DNA is made up of monomers called nucleotides

DNA is made up of monomers called nucleotides. Nucleotides consist of a pentose sugar, a phosphate group, and a nitrogen base. Nucleotides are combined together to form tow long spiral strands to make a double helix .the double helical structure contains two complementary polynucleotide chains twisted, in which the bases are on the inside and the sugar-phosphate backbone on the outside, the two strands are known to be antiparallel(run in opposite directions) Mainly, there are 4 different types of nitrogen bases: Adenine(A), Thymine(T), Guanine(G), and Cytosine(C).the order of the bases in the DNA sequences form genes and it is how genetic information is stored which tell cells how to make proteins that carry out most of the activities within a cell.

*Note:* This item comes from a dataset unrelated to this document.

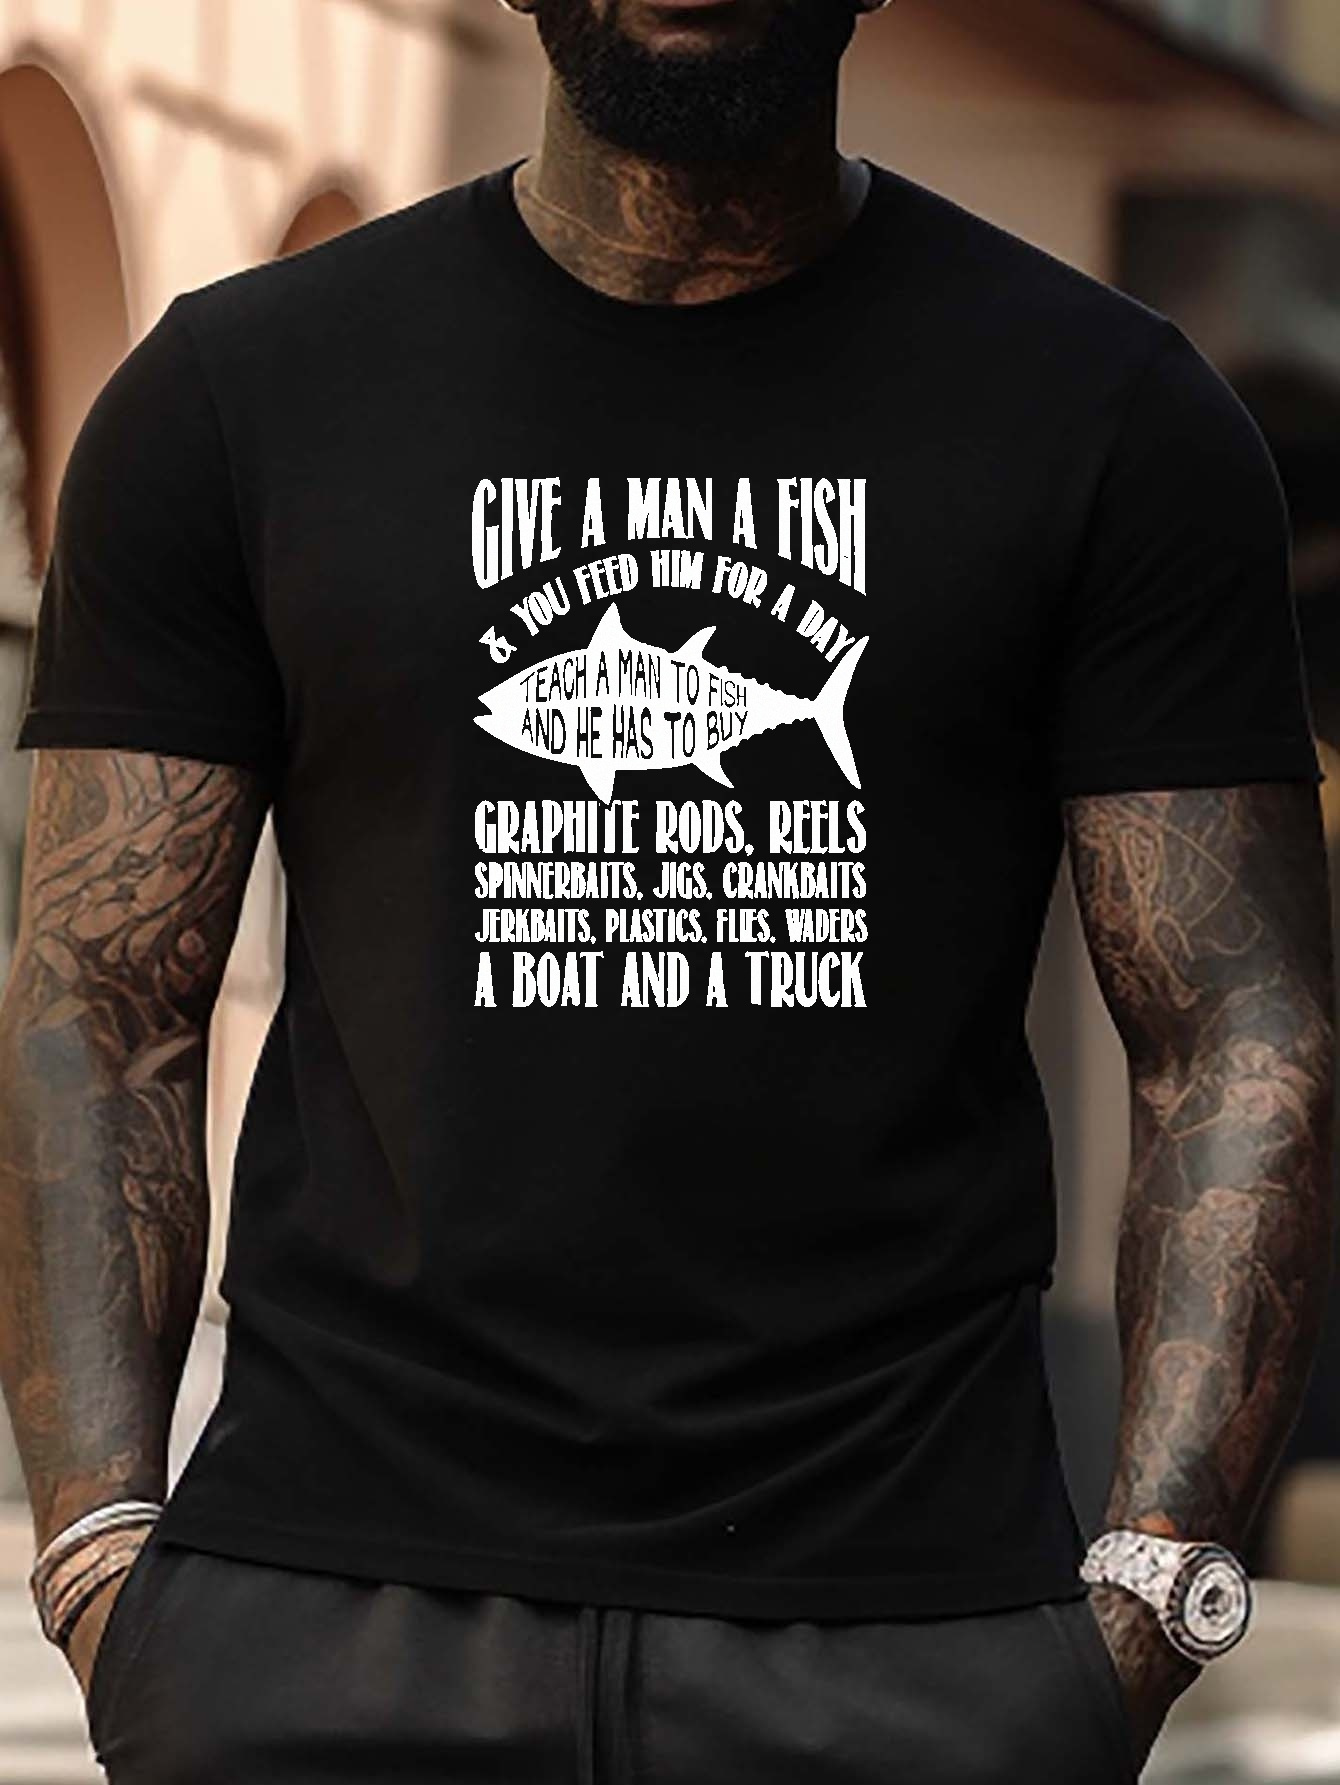 Men's Funny Bass Fishing T Shirt Fishing Shirts Bass Fisherman T-shirt  Fisherman Shirt Fishing Gift Idea Tee -  Canada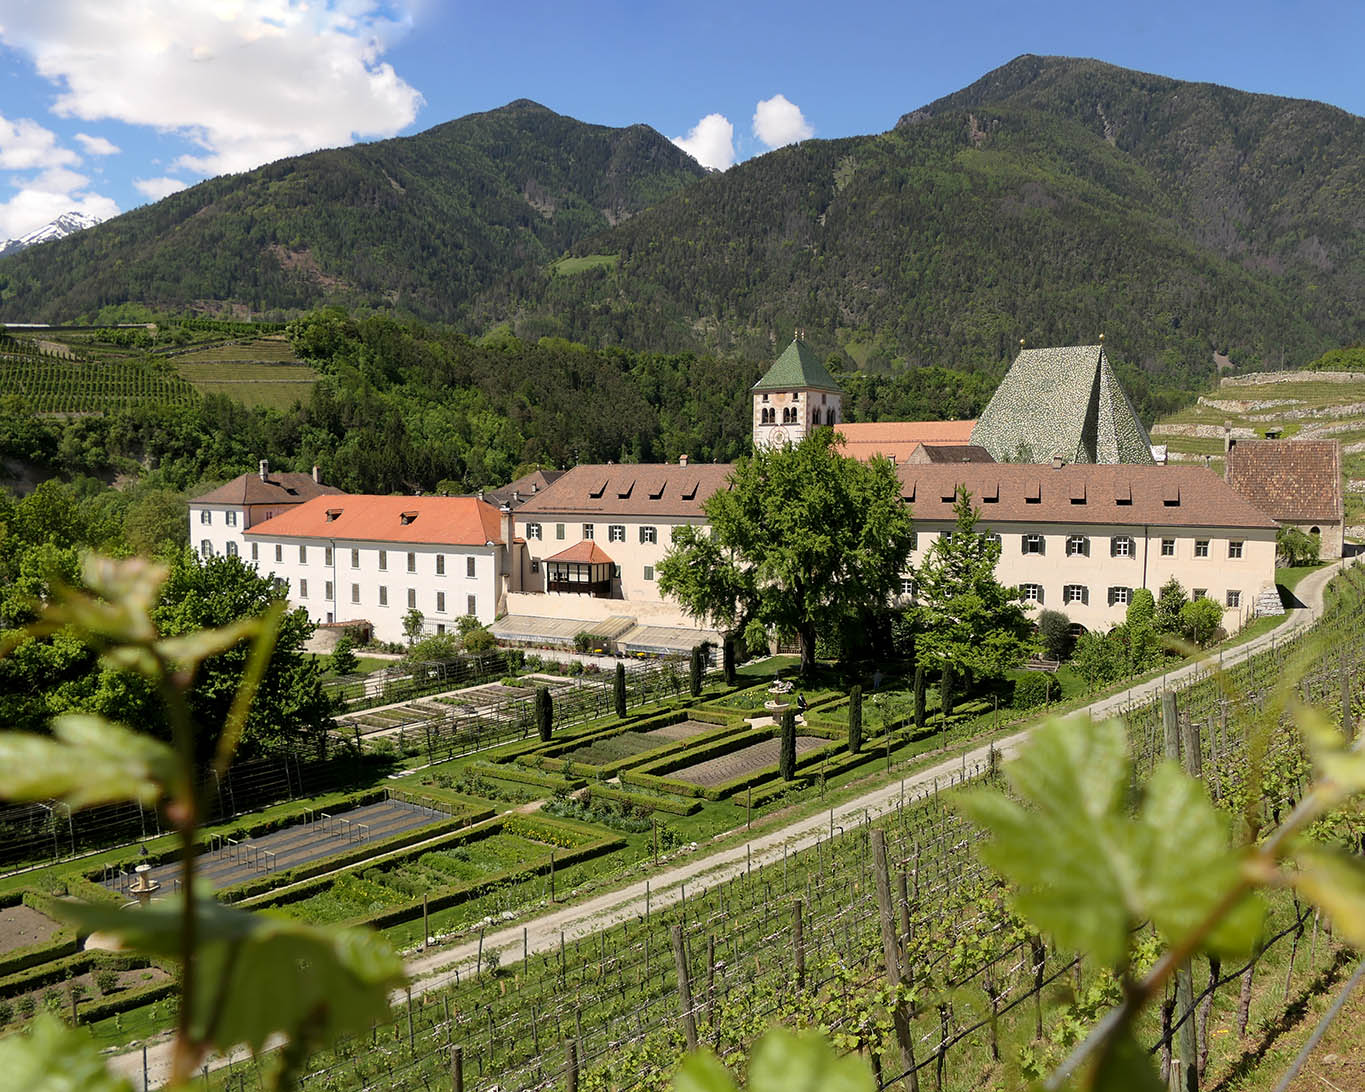 Kloster Neustift in seiner Pracht mit Bergen und Gärten.

A gene called ATP7B which is roughly 78 kilo bases long contains 21 exons and 20 introns with a cytogenic location: 13q14.3 provides instructions for making Copper-transporting ATPase protein. This protein is found in the liver, kidney, and brain and it transports copper from the liver to other organs; furthermore, copper-transport ATPase is essential for removing the excess copper from the body. More than 600 pathogenic variants in ATP7B have been recognized, with missense mutations being the most common. Mutations in the ATP7B gene cause Wilsons Disease, which is a rare autosomal recessive inherited disorder of copper metabolism. The condition is specialised by excessive deposition copper in different organs and tissues. In WD the liver does not exert the copper correctly and copper builds up and become toxic in the liver, brain, eyes and other organs. Overtime high levels of copper might lead to life-threatening organ damage. If WD is recognized in an early stage, damage to the affected organs could be minimized and lifelong neuropsychiatric, hepatic and systemic disabilities could be prevented. WD is analysed dependent on clinical indications and biochemical identification of copper metabolic disorder. Unfortunately, in early stages some patients could not be diagnosed because they do not exhibit the typical findings, and clinical manifestations vary notably among patients, thus genetic testing is believed to be the most efficient way to diagnose both symptomatic and presymptomatic patients.